The always entertaining Professor Bunyip – surely Gianna’s first choice for Godfather of the newly arrived Harley – waxes eloquent. In a, “you might get what you wish for,” cautionary tale, about the perils that that might await maritally-inclined poofs, he offers this gem:
“All this talk lately of gay marriage has served as quite the catalyst for contemplation. The first thought, the one that comes most readily to mind, is why any sensible person of whatever persuasion would aspire to a relationship in which one partner is immediately and formally recognised by salesmen at paint stores and furniture emporiums as enjoying the last word on decor and decoration. So, too, with shoes, for if gay marriage is to attain an equal footing with the heterosexual model, then one partner’s collection of brogues and Blundstones will need to be, if the Billabong’s non-metaphoric closets are any indication, greater by a factor of forty.”
I can put his mind at rest. Judicious selection of a gay partner with roughly the same measurements – including footsize – simply doubles the existing wardrobe potential available to both, with no further purchasing required! “Find a live-in boyfriend and double your wardrobe!” as they say in Darlinghurst.
What happens when you spill chilli sauce on your boyfriend’s favourite silk shirt while you are eating at the bistro of an Oxford street pub?
That would test any relationship, IMO.
If your boyfriend is wearing a silk shirt these days he’d be a bit suss, You’d wonder if he’d gone metrosexual on you Dave. Boys in Oxford St these days tend more towards your camo pants, muscle T and buzzcut look :)
At least if your partner’s a bloke you don’t have to contend with the dreaded, un-iron-outable tit-mark when you share shirts. (well, hopefully not…)
I’ve never had to worry about partners having the last word about painting and decoration. As well as apparently having a deep attraction to Catholic girls named Jenny, I also seem to have an unerring subconscious desire for women who insist that all walls must be painted white. At least it saves on arguments at paint stores, not to mention any need to match colours when repainting.
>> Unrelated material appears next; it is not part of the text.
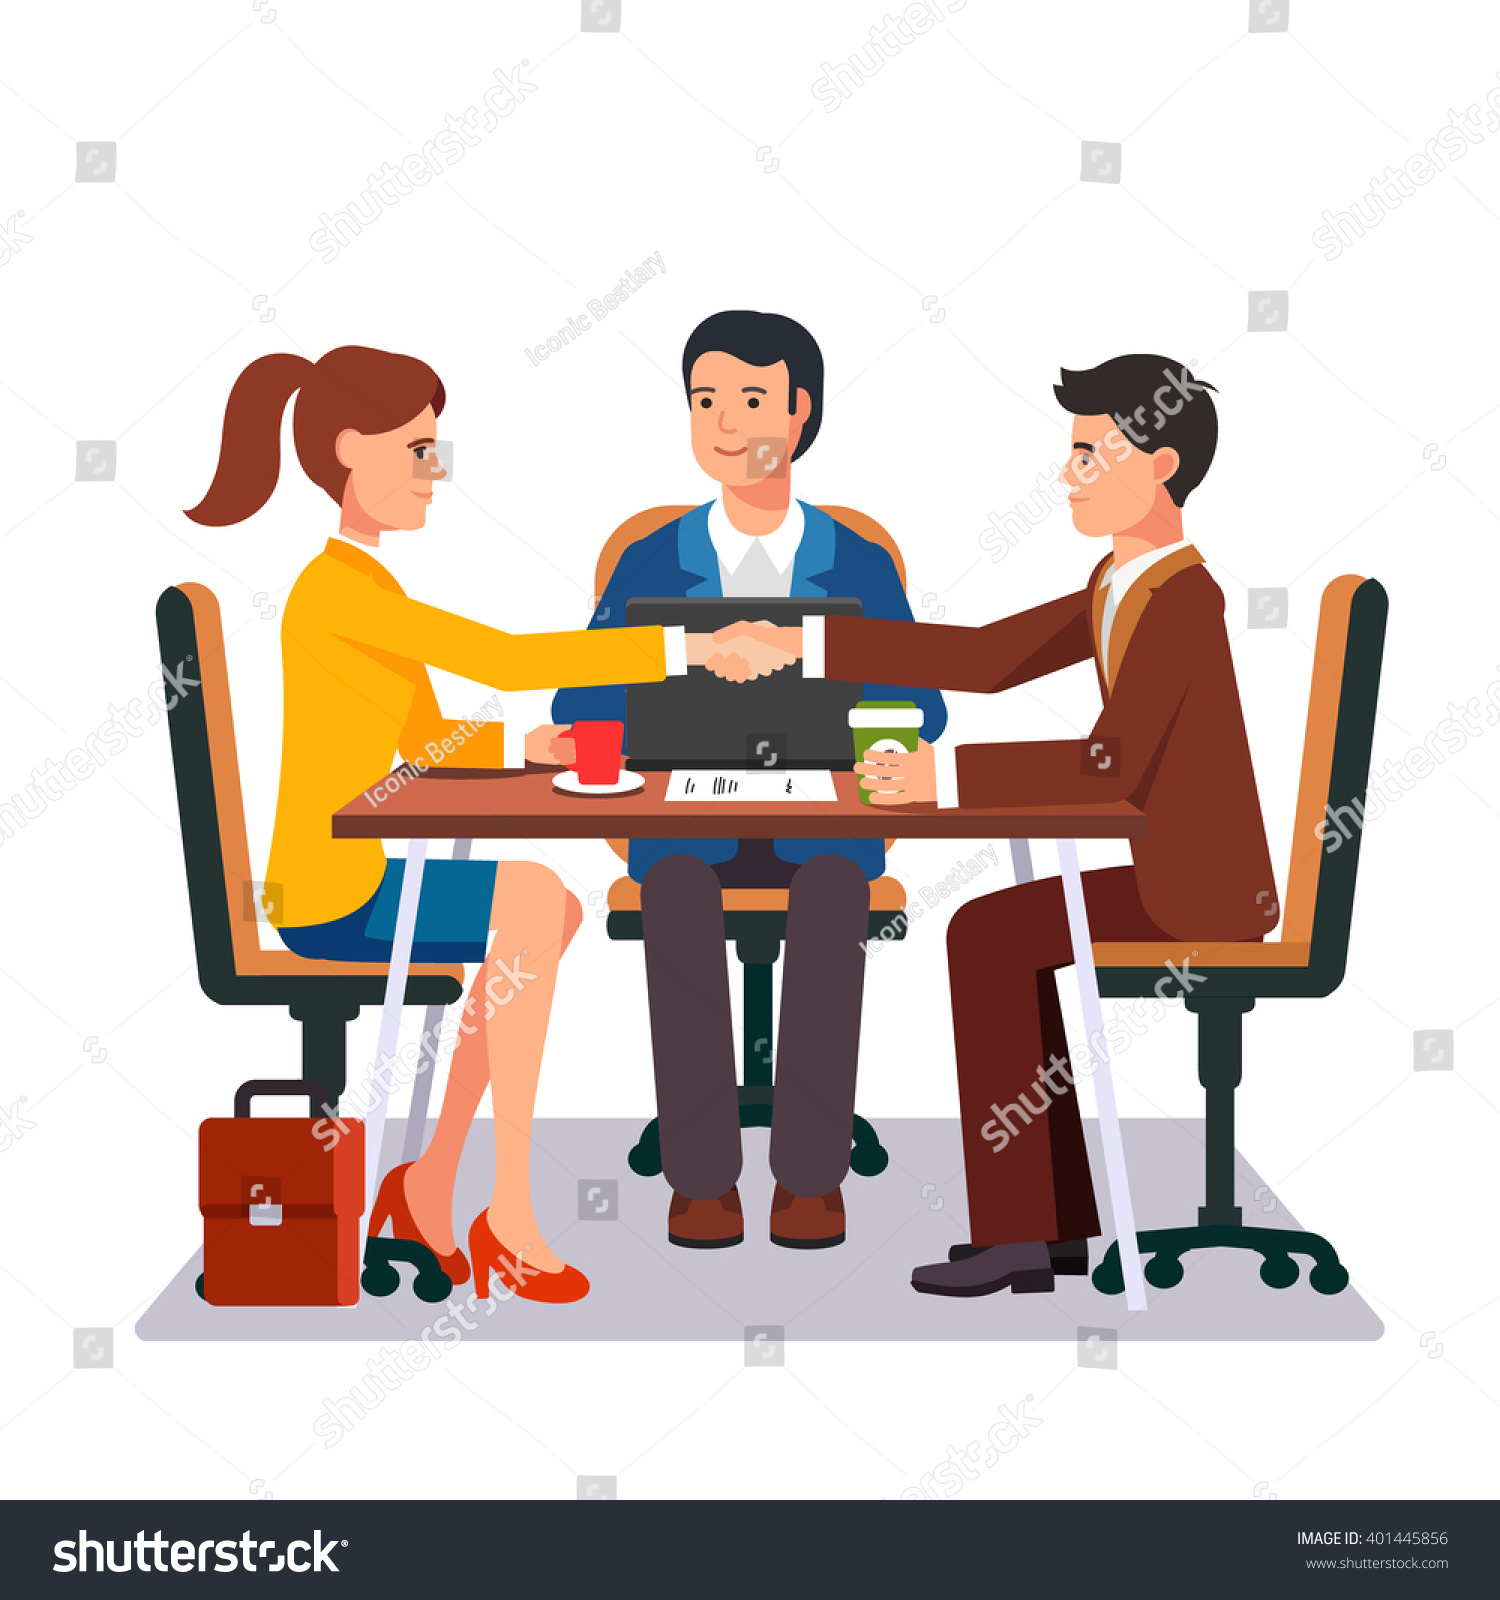 business deal clipart - photo #44

However, since I no longer live with any of them, I’m sorely tempted to try a daring gesture of interior decorating rebellion. I’m going to take a leaf out of the book of that poof on Changing Rooms, and lash out with a rag-rolled plum-coloured feature wall in the bedroom.
“I’m going to take a leaf out of the book of that poof on Changing Rooms, and lash out with a rag-rolled plum-coloured feature wall in the bedroom”
Are proffered viewings of rag-rolled plum-colured feature walls in the bedroom the new millenium equivalent of invitations to check out one’s etchings? Must be a Darwinetrosexual thing.
hmmm – think that should be ‘tit-marks’, or is it ‘tits-mark’ ? Maybe breast-distension ?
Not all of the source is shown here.